Why Choose Minfx?

Besides the obvious Neptune API and feature parity, we offer much more.

We believe in the following principles:

Performance is extremely important now, and even more so for future systems. Lots of work will be done by AI agents, and they will be as fast as the systems they intereact with.

Our motto is: If it's slow, it's a bug!
It is easy to make complicated systems, but simplicity is hard. We discuss with you to make sure we build the right system for you.
We understand what is most important for your work in developing ML systems. We are ML engineers, and want to make your life as easy as possible for the most common tasks.

The reason why we build Minfx is that despite machine learning being a 10+ years old field, the tooling is still not good enough. We were frustrated by the existing providers. So we decided to build best-in-class tooling for ML scientists and engineers ourselves.

Most Important Features

Click any card to learn more

⚡ Speed & Reliability: We are extremely fast while ensuring high reliability.
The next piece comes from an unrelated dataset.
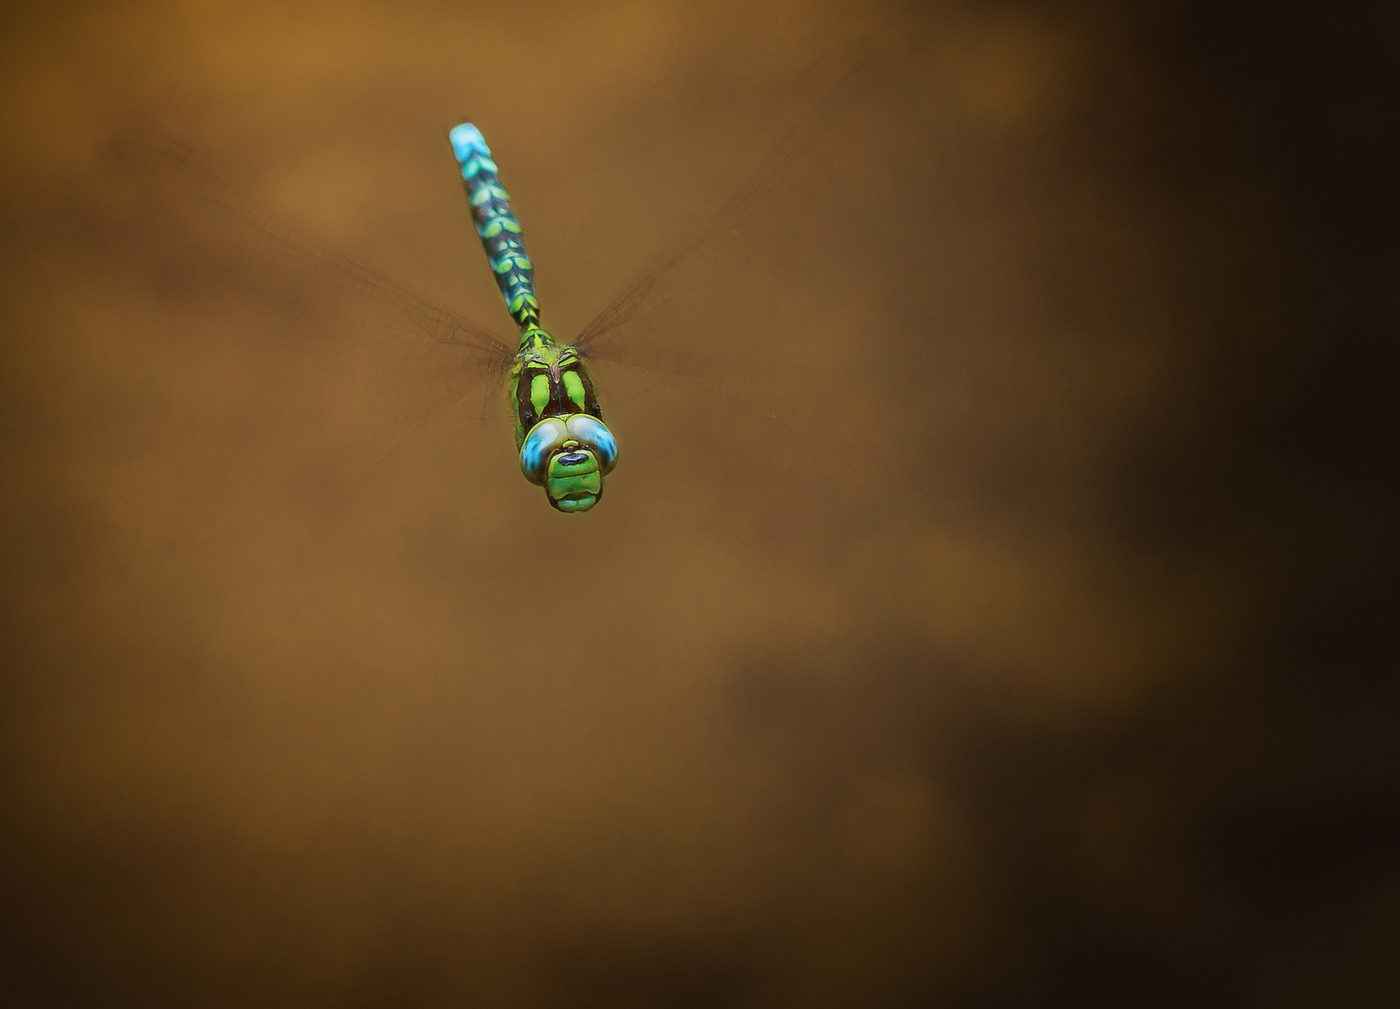 Dragonfly lidojumā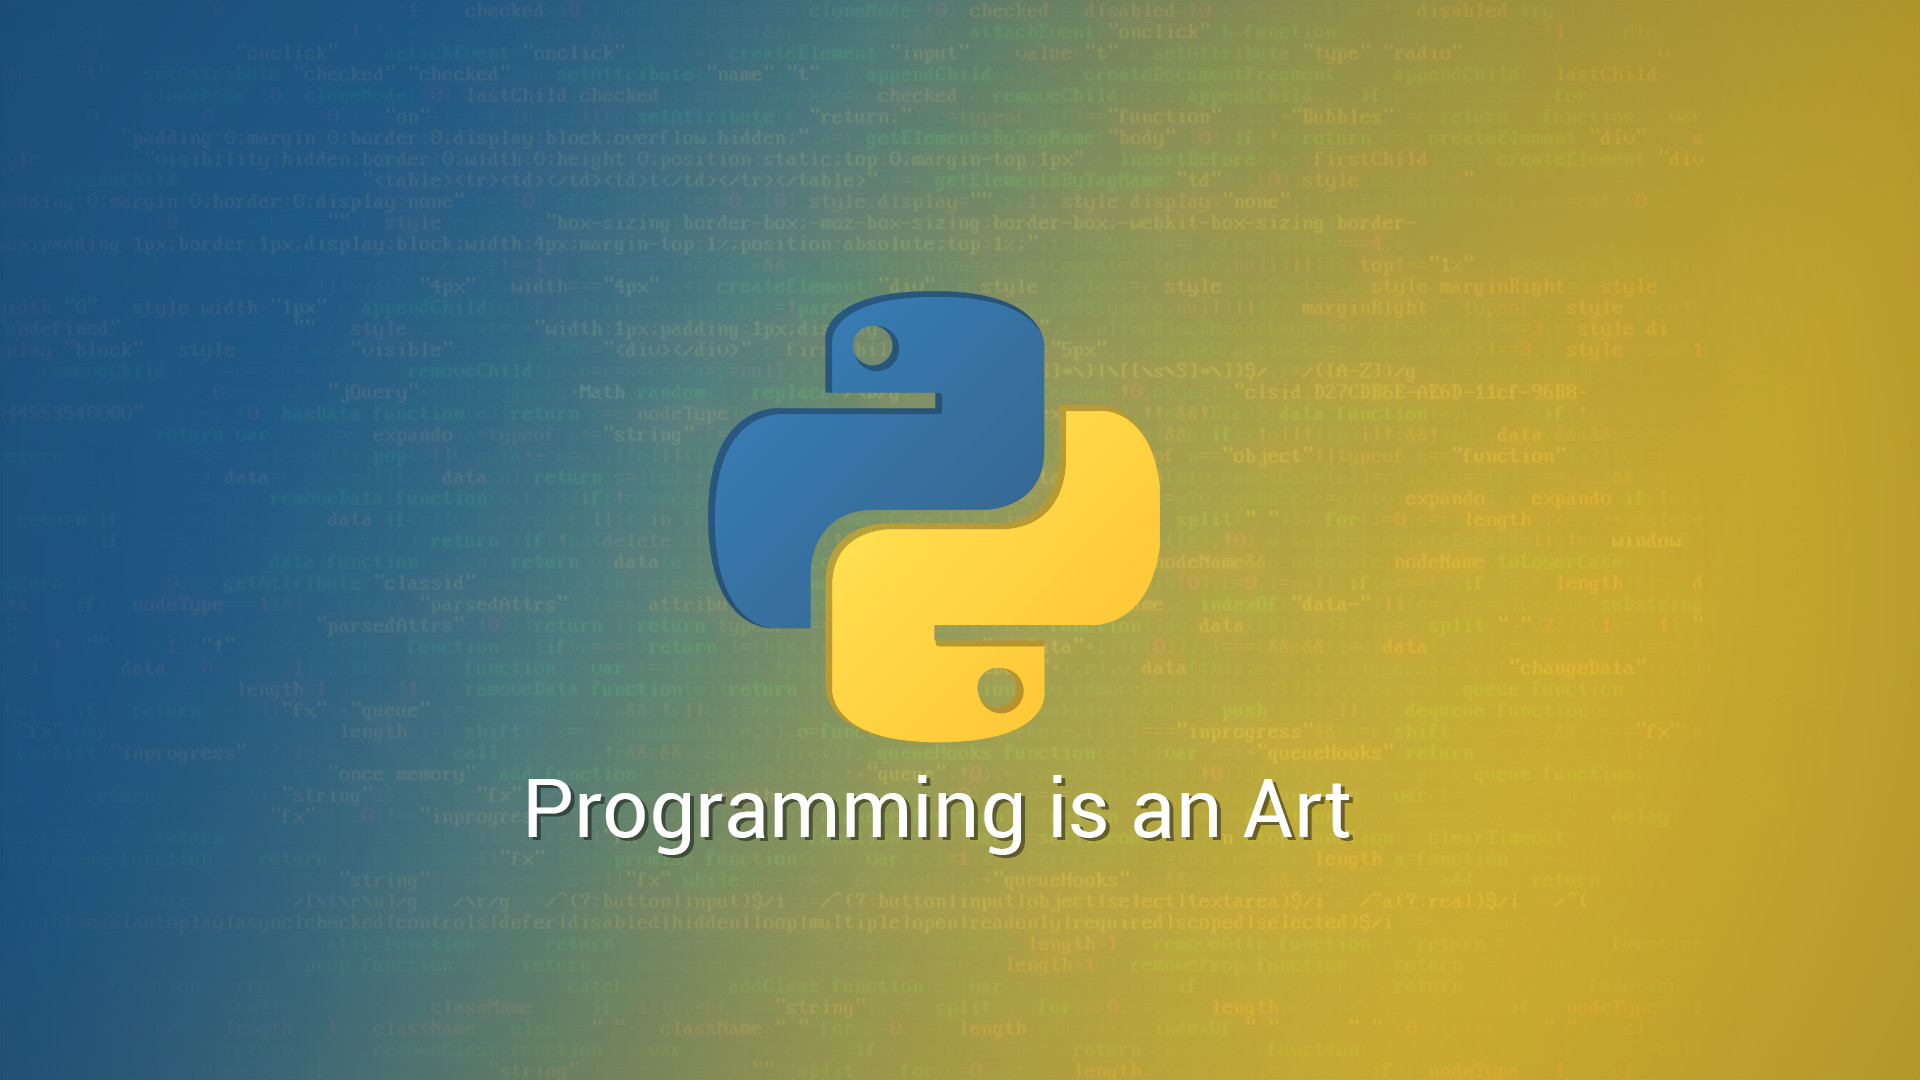 Python Programming Wallpaper Image

Reliability is so important we have a dedicated page about it.

Our architecture is designed from the ground up for performance—async logging that never blocks your training, efficient binary protocols, and smart batching.

We obsess over every microsecond because we know time is valuable. Our background in algo-trading helps us engineer efficient solutions.

Our service is very reliable. We are concurrently logging data to multiple storage backends in different locations, so you can be sure your data is never lost.

We will publish latency benchmarks soon.
🤖 Analyze Runs Where You Want To: While you can get quick overview of your runs in the UI, we get out of the way so you can analyze your data locally.

You can use your favorite tools (pandas, polars, etc.) for analysis. You can bulk download data just as you need, with high bandwidth and low latency.

We are planning on writing custom polars extension to make fetching data very straightforward, as if you had terabytes of data at your fingertips.
🧑‍🤝‍🧑 Best-in-Class Team Sharing: Anything that you see on the screen, your team-mates can see it too. Just send them a link.

We truly mean everything, and pixel-perfect.

List of Extra Features

💵 GPU Cost Analysis: Find ways to save money. We help you pick the right instance and batch size to find the pareto frontier of performance vs cost.

Compare training efficiency across different GPU configurations and make data-driven decisions about your infrastructure spending.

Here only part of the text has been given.